Because memory is unreliable. And written fairly tersely because I don't feel I need to explain myself to myself.


  • I created my first email addresses around age 13 based on a nickname given me by an older kid I admired and wanted to be like. There's an A at the end that I've only accepted from one person. Perhaps I still do look up to those older than me, but now it seems unnecessary to seek their approval or reconnaissance.
  • I enjoy the idea of rituals, say reciting a particular dictum upon embarking on a new phase, or offering a symbolic gift to those in transition.
  • I worry that I may be a stingy person. I hope I am not seen as such by my friends and family, but as much as I enjoy careful and thoughtful gift-giving, I don't always remember the right occasions, or follow-through with my plans.
    • Examples:
      • Manou and Tom moving in to their first or second house. I could have given even a small gift.
      • My mom's birthday this year.
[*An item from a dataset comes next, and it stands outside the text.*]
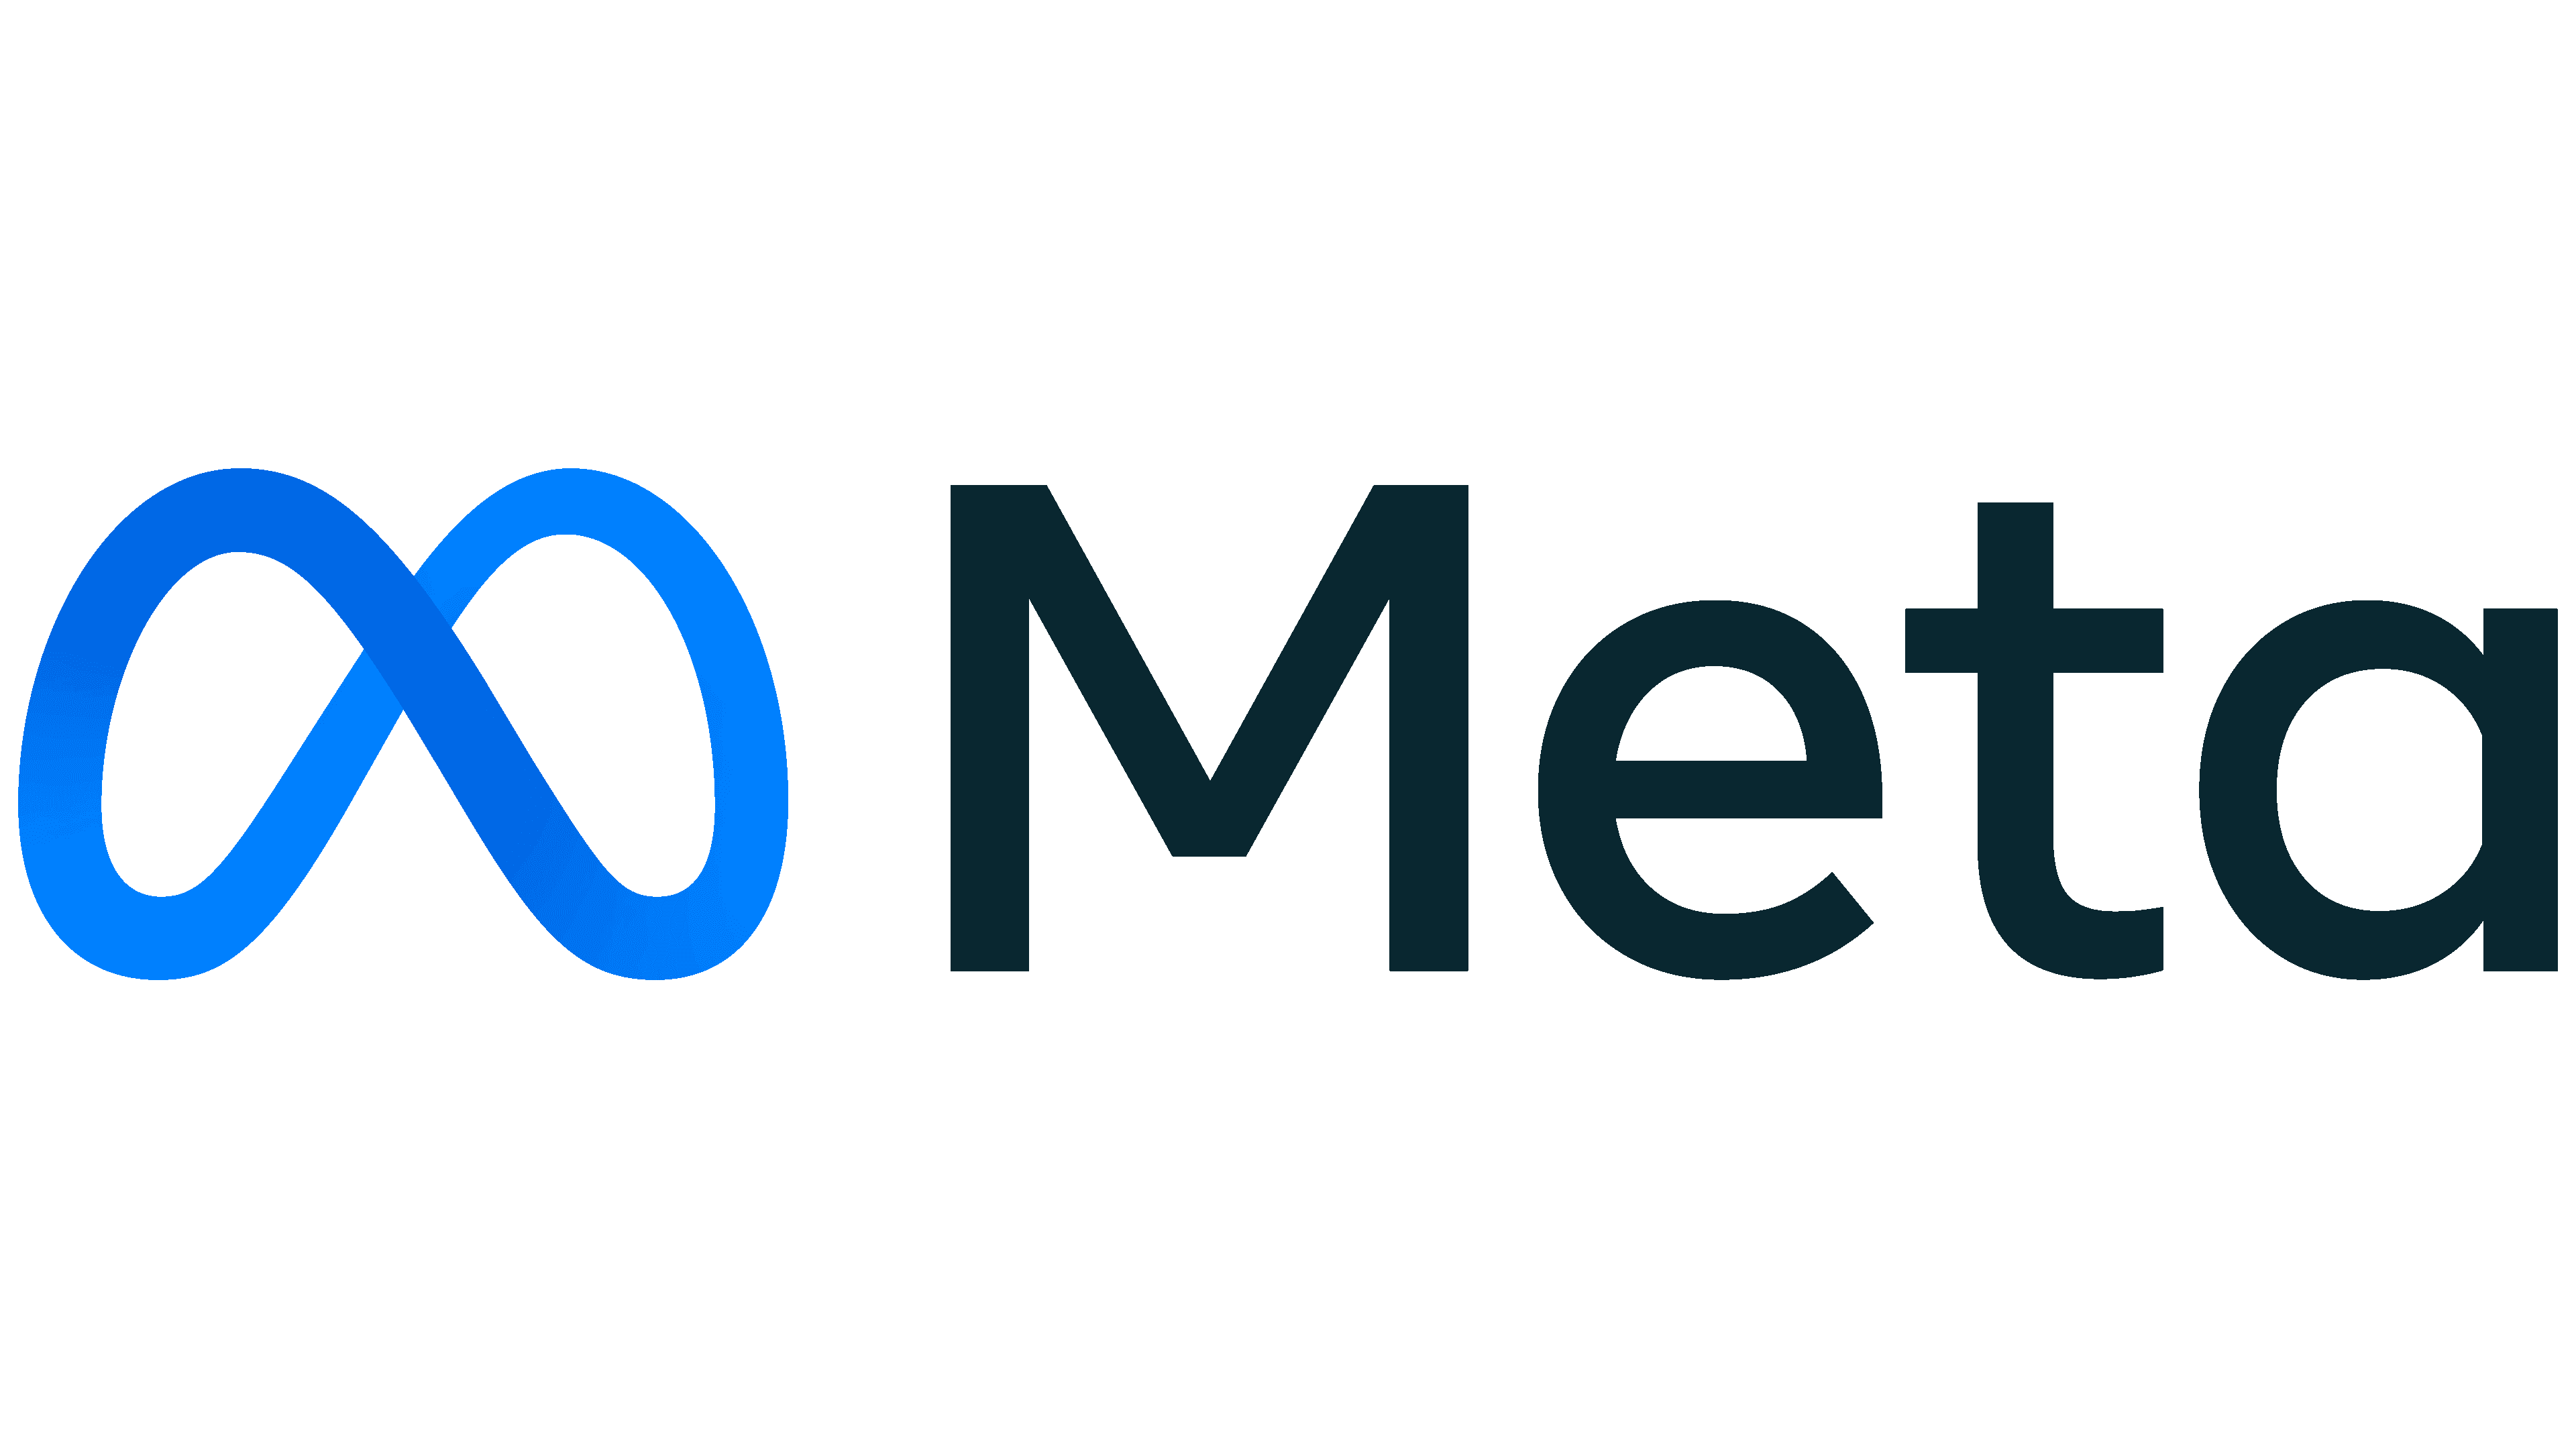 2 Meta-facebook-Logo

I didn't remember to give her a card.
      • Upon the death of Pete Kerrigan's brother several years ago, I wished to record a song for him, "May the Road Rise to Meet You," but I never did and I still regret it.
      • I haven't given Linda the earrings from my mother from two Christmasses ago.
      • I don't remember my friends' birthdays, though these folks in Haiti always remember me with a little gift. So thoughtful! ugh.
End.

Wednesday, April 18, 2012

now is the time

when have i felt like myself? when have i watched or understood the passing of the days? how do i know i'm not the same when 21 i was? why is my memory limited and the capacity for concreteness unimportant?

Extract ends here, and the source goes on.